When to Take That Long, Slow Walk to the Mound
The times through the order penalty is actually a pitch count penalty. The standard line has been that teams should begin feeling guilty about leaving the starter in once the leadoff hitter comes up the third time. And if you assume that the TTOP penalty is universal and kicks in at that very moment, it makes sense as a strategy. Some have gone as far as suggesting that rosters should be built around TTOP.

But the reality is that it probably has more to do with pitch count, likely intermixed with a much greater variation in how much individual starters can actually give to the cause. There probably are guys who are only good for about 60 pitches and 18 batters. The problem I think is that there are only two roles in the modern pitching staff. There are the guys who throw 100 pitches and guys who throw 20, and there seems to be no allowance for the guy who lands somewhere in the middle. Maybe TTOP is actually a pathology of overly rigid roster construction.

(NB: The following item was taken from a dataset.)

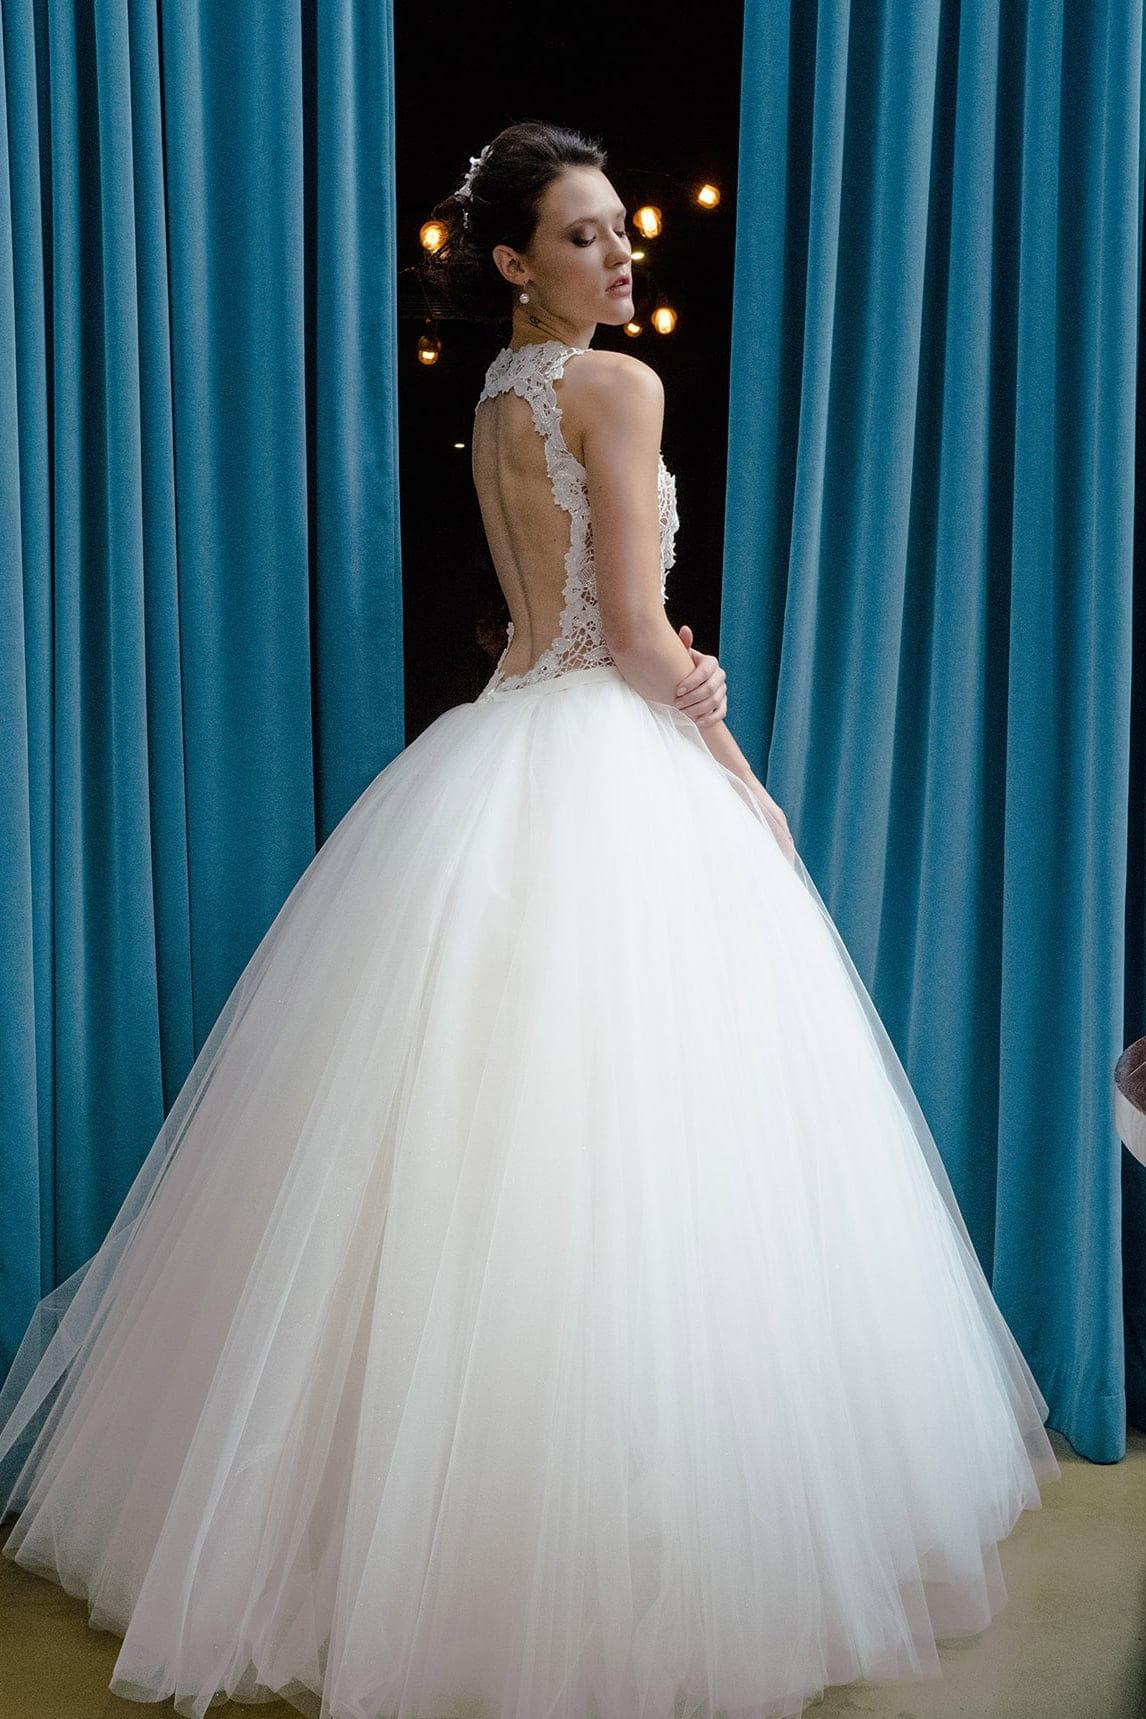 Robe de mariée Bahamas, Max Chaoul

Instead, I’d suggest that managers pay attention to things that they already tend to pay attention to. We have good evidence that pitch count is the real culprit in stealing pitchers’ mojo. It’s entirely possible that some are more susceptible to this theft than others, though all seem to suffer. Instead of relying on the TTOP framework, maybe it’s better to dig deeper into understanding each pitcher and how his body handles fatigue, combined with how much work he’s had to do. This is a decision that has to be made on a case-to-case basis.

Or maybe that misses the point. Maybe defaulting to TTOP is the right decision for the wrong reason. If we leave the decision of taking the pitcher out to the manager and touchy-feely stuff like figuring out of the pitcher is tired, then does he let things like the fact that his pitcher swears up and down that he’s okay for the ninth inning to sway him? Perhaps using the third time through the order as a marker of when to take the pitcher out isn’t the optimal strategy, but is it a better strategy than what’s currently being used? Taking the timing of the decision away from the manager might mean pulling a pitcher too early, but perhaps too early is better than too late, especially if the team can structure a bullpen that picks up the slack. Managers are human and they can fall prey to the optimism bias that says “Oh, he’ll be good for another couple of batters…” and in that time, give up the game.

The reality though is that a more nuanced understanding could produce even better results. Whether we have the technology to be rational about what that more nuanced approach looks like is a different story. So, in a weird way, TTOP might be the best strategy, though not for the reasons that we believe it is.